I'll check that when I get home. The primers are igniting, but perhaps if it isn't seated fully the full blast of the primer isn't making it to the powder?


----------



## brisket (Mar 3, 2015)

RandomElk16 said:


> Dad has the same setup and works great.
> 
> I agree on something being loose or not seated properly.
> 
> ...


No problems at the range. Works everytime.

One thought I had is, perhaps while hiking or during vehicle travel the bullet may shift down the barrel (perhaps while carrying with the muzzle down) leaving dead space and unpacked powder? I checked this after Saturday's hunt and the bullet was still in the right spot, though, but I suppose this could have happened on Friday for the misfire. Maybe I should switch to the TMZ that fit tighter in the barrel?


----------



## DallanC (Jan 13, 2009)

brisket said:


> I'll check that when I get home. The primers are igniting, but perhaps if it isn't seated fully the full blast of the primer isn't making it to the powder?


If the primers are going off every time... that eliminates alot of variables. That only leaves:

1. Weak or not hot enough primers
2. Restrictions in the flame channel
3. Old or Poor powder.

Now if you were getting light strikes on the primer, and is not going off, thats an entirely different problem.

-DallanC


----------



## taxidermist (Sep 11, 2007)

replace the Blackhorn breach plug with the CVA plug that came with the rifle. I bet that sucker will blow a bullet out the barrel. 


I tested some BH out of a CVA and I didn't use the "special breach plug". Fired every time. BTW, I tossed the BH and went back to 777 fff.


----------



## DallanC (Jan 13, 2009)

taxidermist said:


> replace the Blackhorn breach plug with the CVA plug that came with the rifle. I bet that sucker will blow a bullet out the barrel.
> 
> I tested some BH out of a CVA and I didn't use the "special breach plug". Fired every time. BTW, I tossed the BH and went back to 777 fff.

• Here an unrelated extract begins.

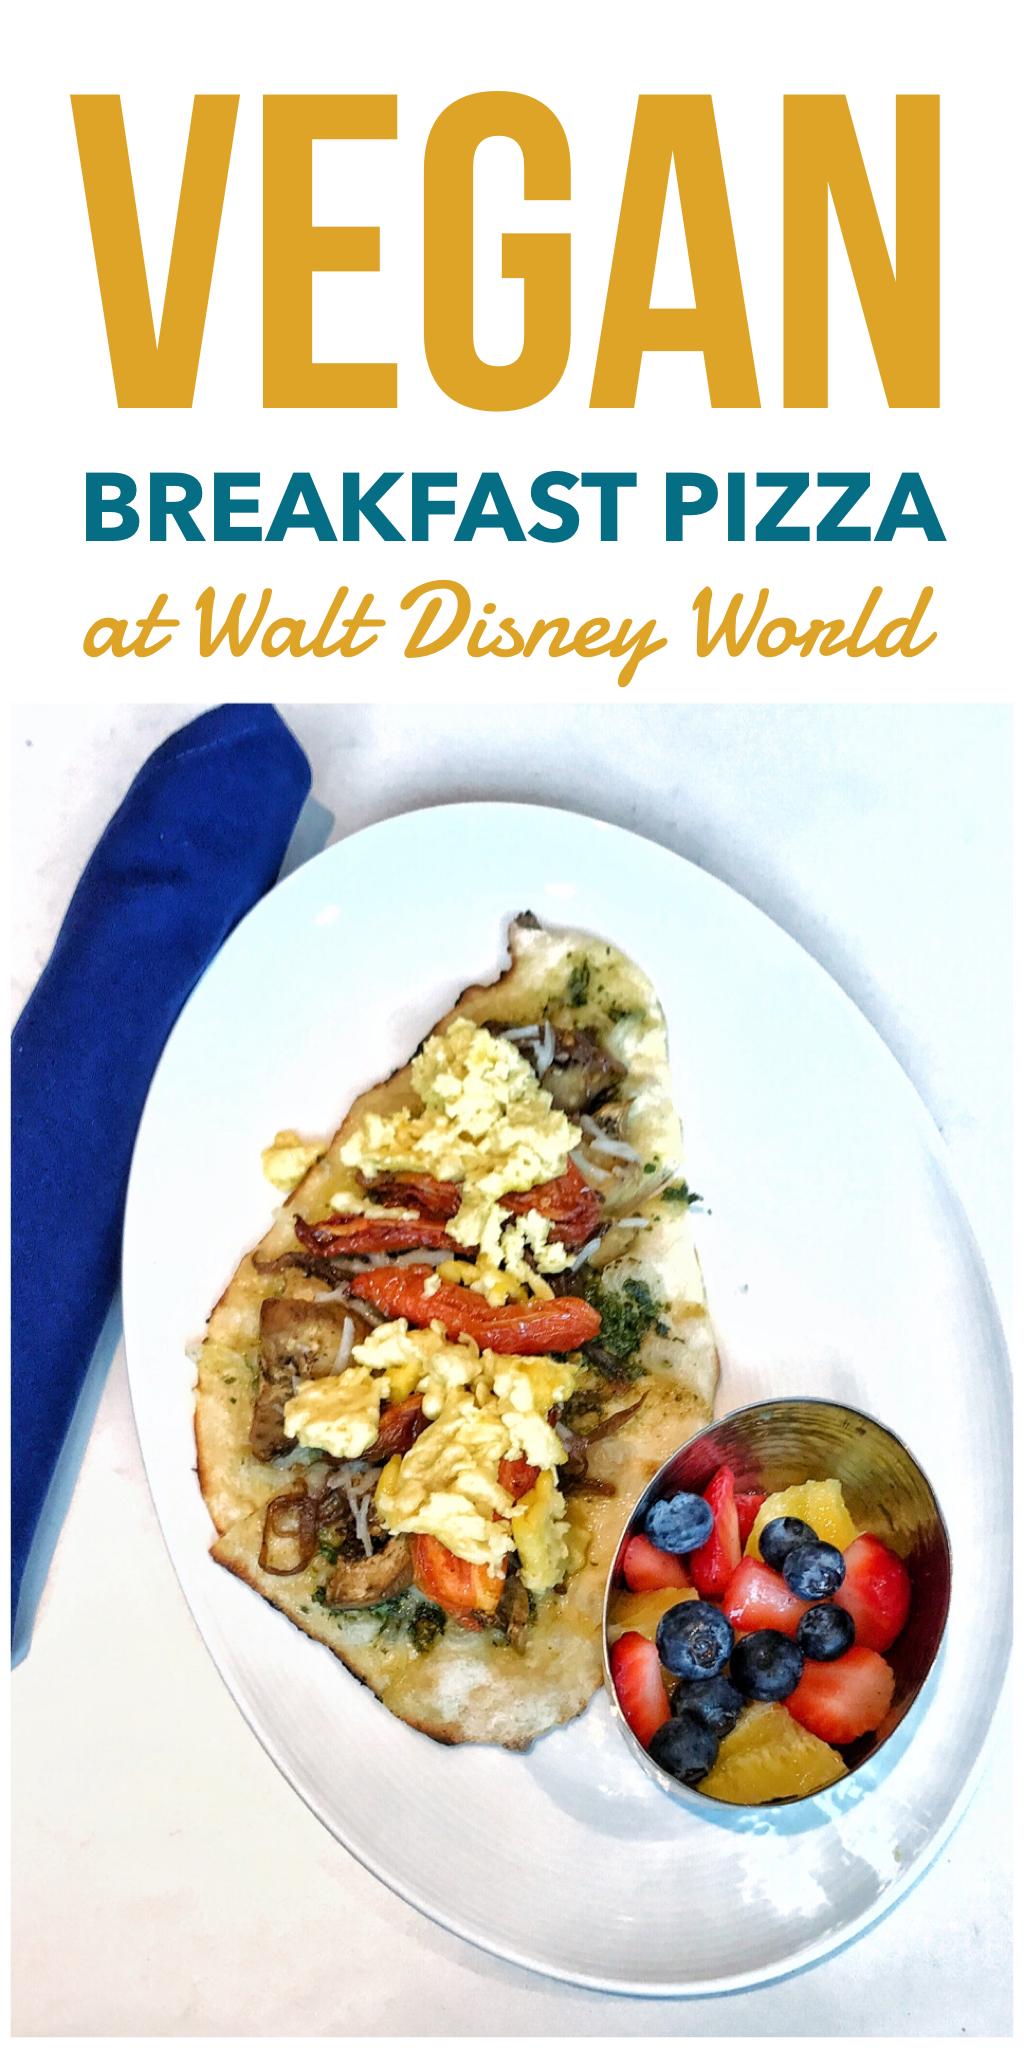 Vegan Breakfast Pizza At Primo Piatto In Disney S Riviera Resort At Walt Disney World In 2020 Vegan Breakfast Pizza Breakfast Pizza Vegas Food
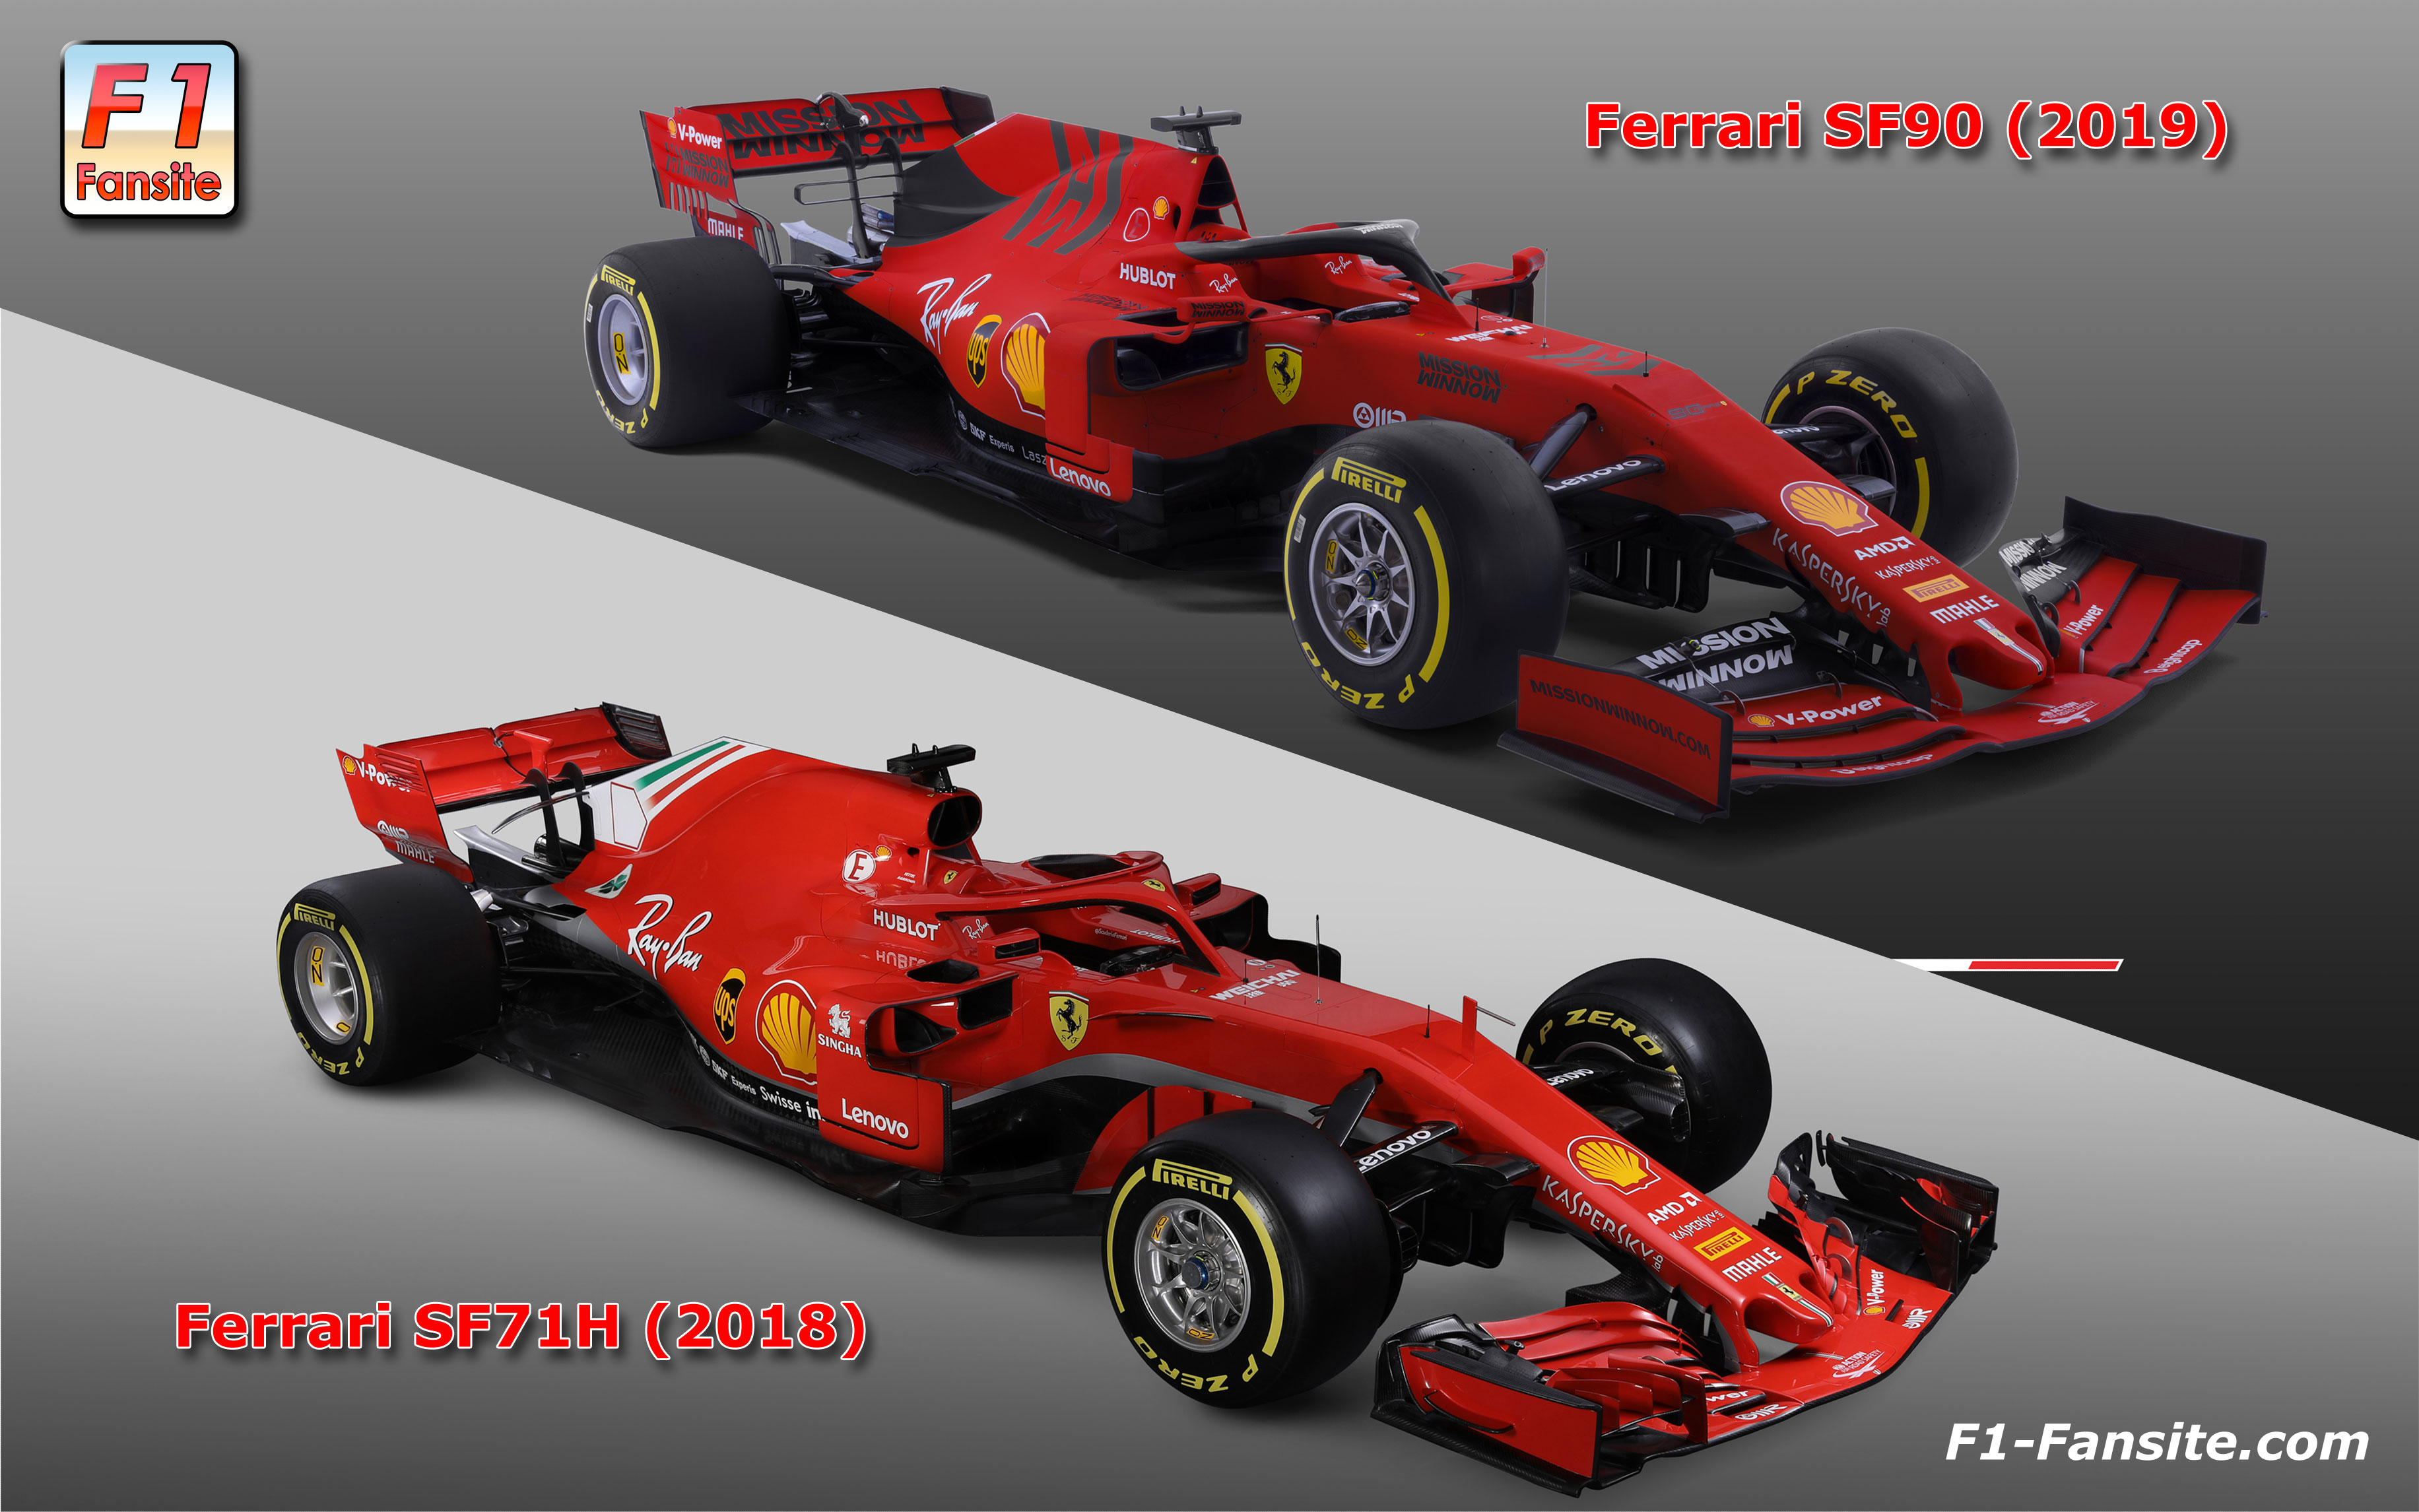 Ferrari-SF90-VS-SF71H-front-right-view.jpg

BH207 requires a very tight flame channel or accuracy goes right to hell. In fact, depending on the type of steel the breech is made from, ***THE BREECH CAN ERODE ENOUGH TO AFFECT ACCURACY WITHIN 35 SHOTS***

The conversion kit I did on my Rem 700ML that now has "supported" primers, uses Lehigh Vent Liners that can be replaced as it etches the flame channel. I also bought a .036" guide pin sold by the kits MFG that I can use to quickly test when I need to swap out my vents.

Sadly... I didnt know about the whole vent eroding thing mentioned in BH209 threads until after I had bought my kit. Luckily I can replace my vents for about $6 each. Those guns that require an entirely new breeches just to shoot BH209 might become really costly when the flame channel exceeds .035". If I were in that boat I would have the breech drilled and tapped to use vent liners.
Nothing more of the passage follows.